1. Hukuk Dairesi 2020/1642 E. , 2021/2655 K.
"İçtihat Metni"MAHKEMESİ : ... BÖLGE ADLİYE MAHKEMESİ 1. HUKUK DAİRESİ
DAVA TÜRÜ : TAPU İPTALİ VE TESCİL-FERAGATİN İPTALİ
Taraflar arasında görülen davada;
Davacı, Bakırköy İlçesi ... Cad.
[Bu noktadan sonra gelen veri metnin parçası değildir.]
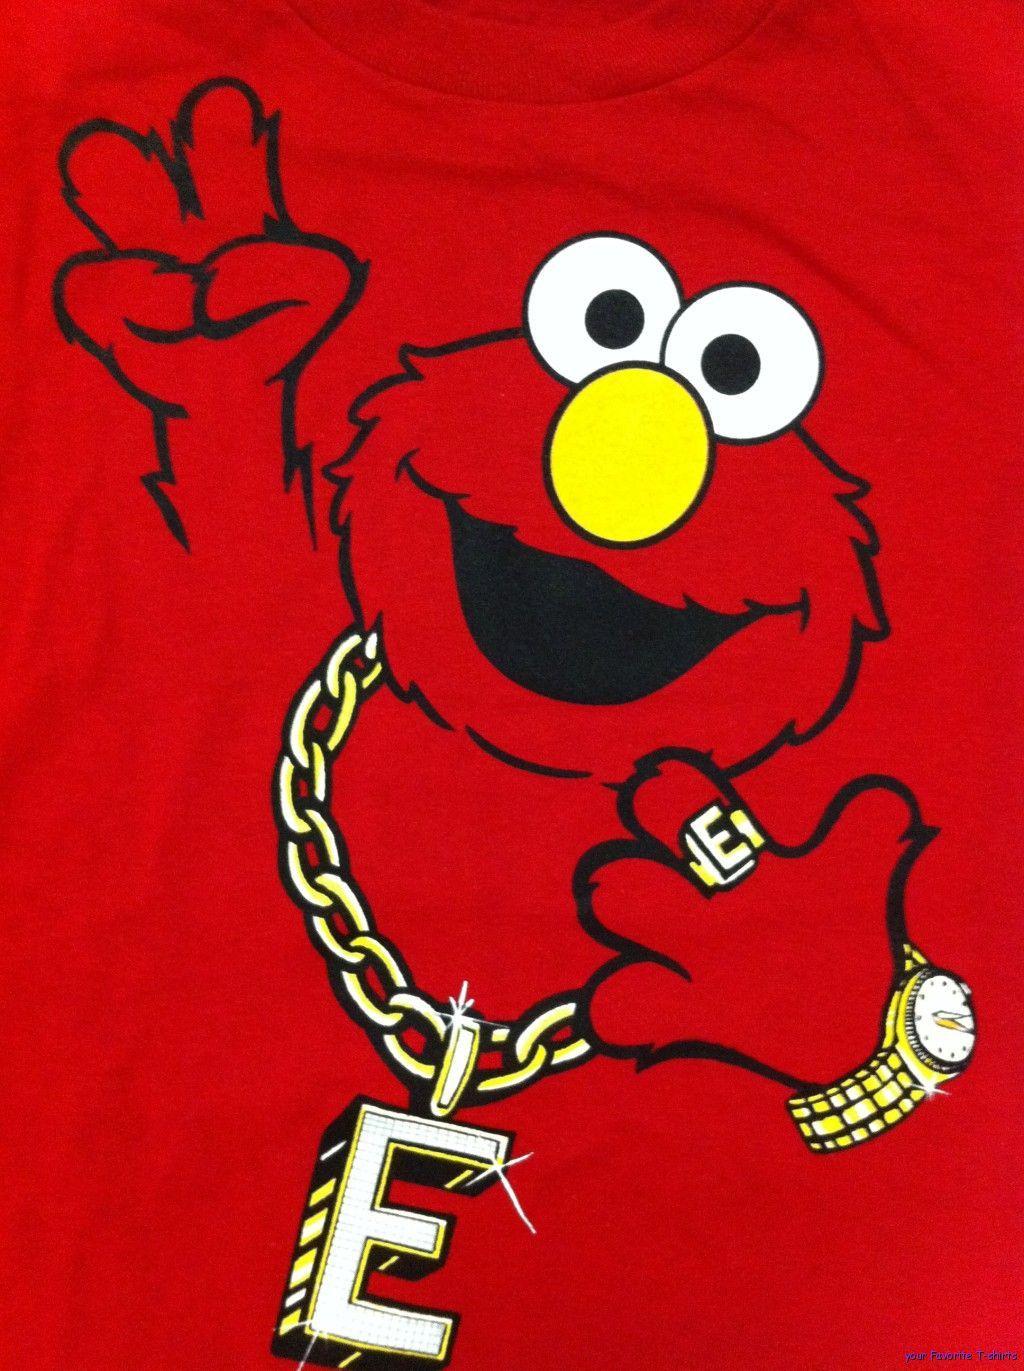 Elmo Wallpaper Iphone 4 Labzada

H Dirin Apartmanı adresinde kayıtlı taşınmazın arsasının kök mirasbırakan ... adına kayıtlı iken Kat Karşılığı İnşaat Sözleşmesi ile müteahhide verildiğini, inşaat sözleşmesi ile yüklenici inşaat firmasının yaptığı inşaatın bitimini takiben 3 nolu dairenin davalı ..., 13 nolu dairenin diğer davalı ..., 4 nolu dairenin ise kök muris ... adına devir ve tescil işlemlerinin gerçekleştiğini, babası olan muris ... ile halası ..."ın da kök muris ...’ın yasal mirasçıları arasında bulunmasına rağmen, dava konusu taşınmazın davalılar ...ve ... lehine haksız şekilde devredildiğini, 29/12/2011 tarihinde davalılar aleyhine Bakırköy 7. Asliye Hukuk Mahkemesinin 2011/583 Esas sayılı dosyası ile tapu iptali ve tescil davası açtığını, ancak amcası olan davalılarla aralarında gerginlik çıkmaması için ve kendisine haklarını vereceklerini vaat etmeleri sebebiyle 23.03.2012 tarihinde davadan feragat etmesini sağladıklarını, mahkemenin gerekçeli kararında aralarında anlaşma ihtimali bulunduğundan bahsederek davanın reddine karar verdiğini, davalıların hile ve ikrah ile yaptıkları vaatlere inanarak ve davadan feragat ederek hata işlediğini ileri sürerek feragate ilişkin beyanının malul olduğunun kabulü ile dava konusu taşınmazın tapu kaydının iptali ile payı oranında adına tesciline karar verilmesini istemiştir.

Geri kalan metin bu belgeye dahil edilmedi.